EDB Postgres AI Benchmark Challenges Cloud Data Warehouse Dominance

  • EDB Postgres AI for WarehousePG benchmarked favorably against Snowflake, Databricks, Amazon Redshift, and Hive on Apache Iceberg, demonstrating up to 58% TCO savings.
  • The McKnight Consulting Group benchmark used a 10TB extended TPC-DS dataset and focused on high-concurrency mixed workloads.
  • EDB’s platform showed a 2.7x slowdown scaling to five concurrent users, outperforming competitors (3.9x, 4.0x, and 4.1x respectively).
  • EDB’s Q1 2026 platform updates include GPU-accelerated analytics, an enhanced Agent Studio, and Agentic Database Management features.
  • EDB PG AI achieved certification with Red Hat Ansible Automation Platform, enabling multi-AZ high availability and sub-30-second failover.

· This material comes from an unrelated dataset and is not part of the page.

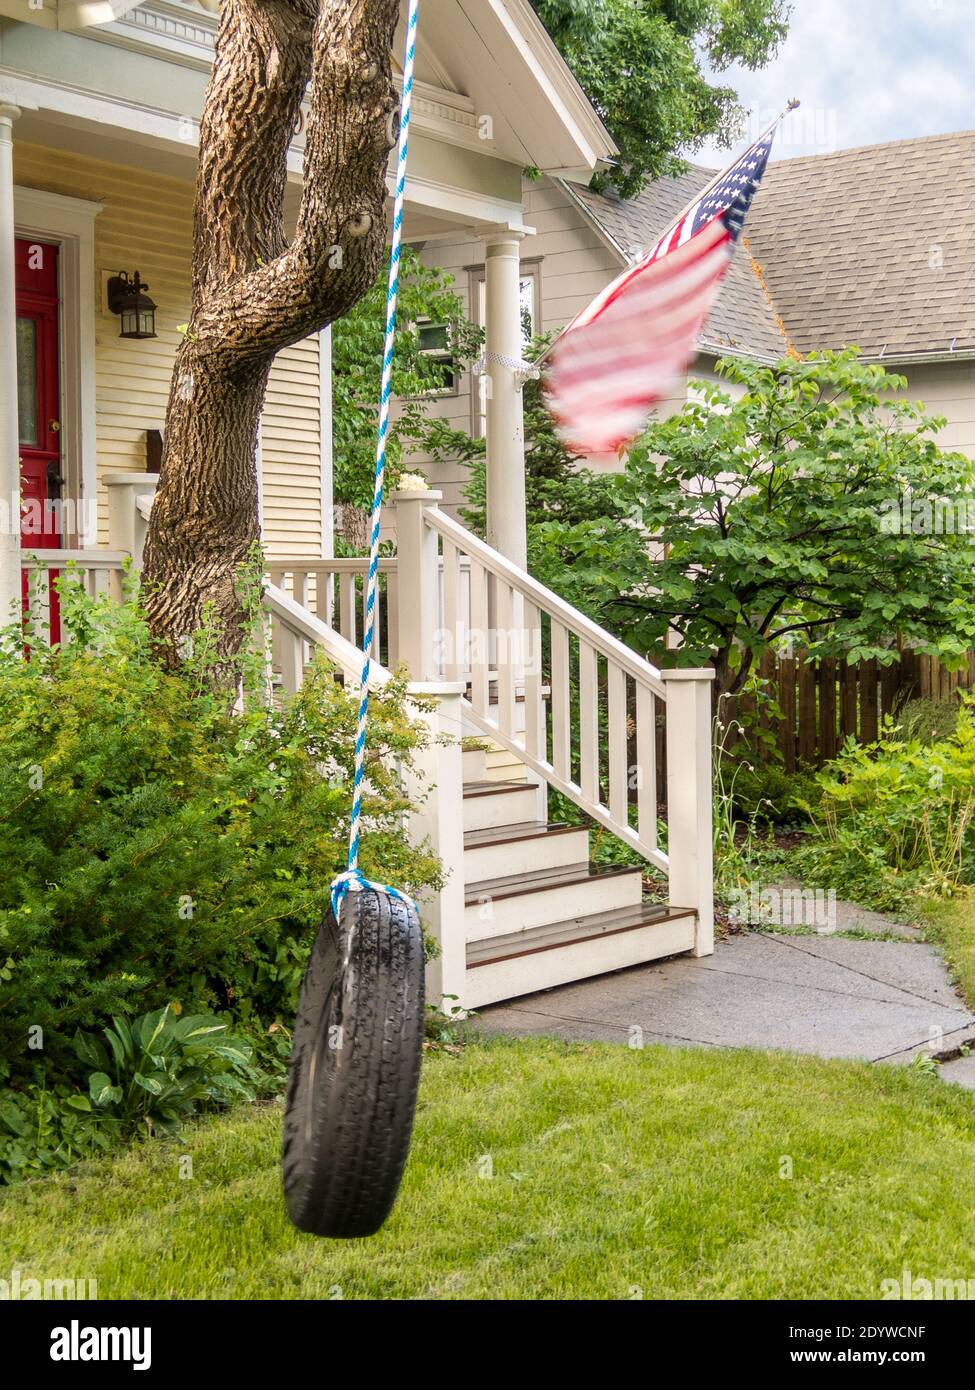 Wind aus vorbeiziehenden Gewitter bläst die amerikanische Flagge und die Reifenschaukel im Vorgarten dieses Kolonialhauses - Metapher für die Bedrohung der Demokratie Stockfoto

The rise of agentic AI is creating a convergence of analytics, operations, and AI, exposing the limitations of fragmented cloud data stacks. EDB is positioning itself as a 'sovereign' alternative, emphasizing cost predictability and control, which could appeal to enterprises wary of cloud vendor lock-in and unpredictable pricing. This benchmark suggests a potential shift towards hybrid data architectures, where specialized on-premise solutions complement cloud offerings.

Adoption Rate
The success of EDB's strategy hinges on whether enterprises will adopt a hybrid approach, integrating EDB Postgres AI with existing cloud data warehouse deployments, rather than a full migration.
Competitive Response
Cloud data warehouse providers will likely respond to this benchmark with their own performance and cost optimization initiatives, potentially eroding EDB's competitive advantage.
Agentic AI Scale
The ability of EDB's platform to handle the increasing complexity and data volumes associated with widespread agentic AI deployments will be a key determinant of its long-term success.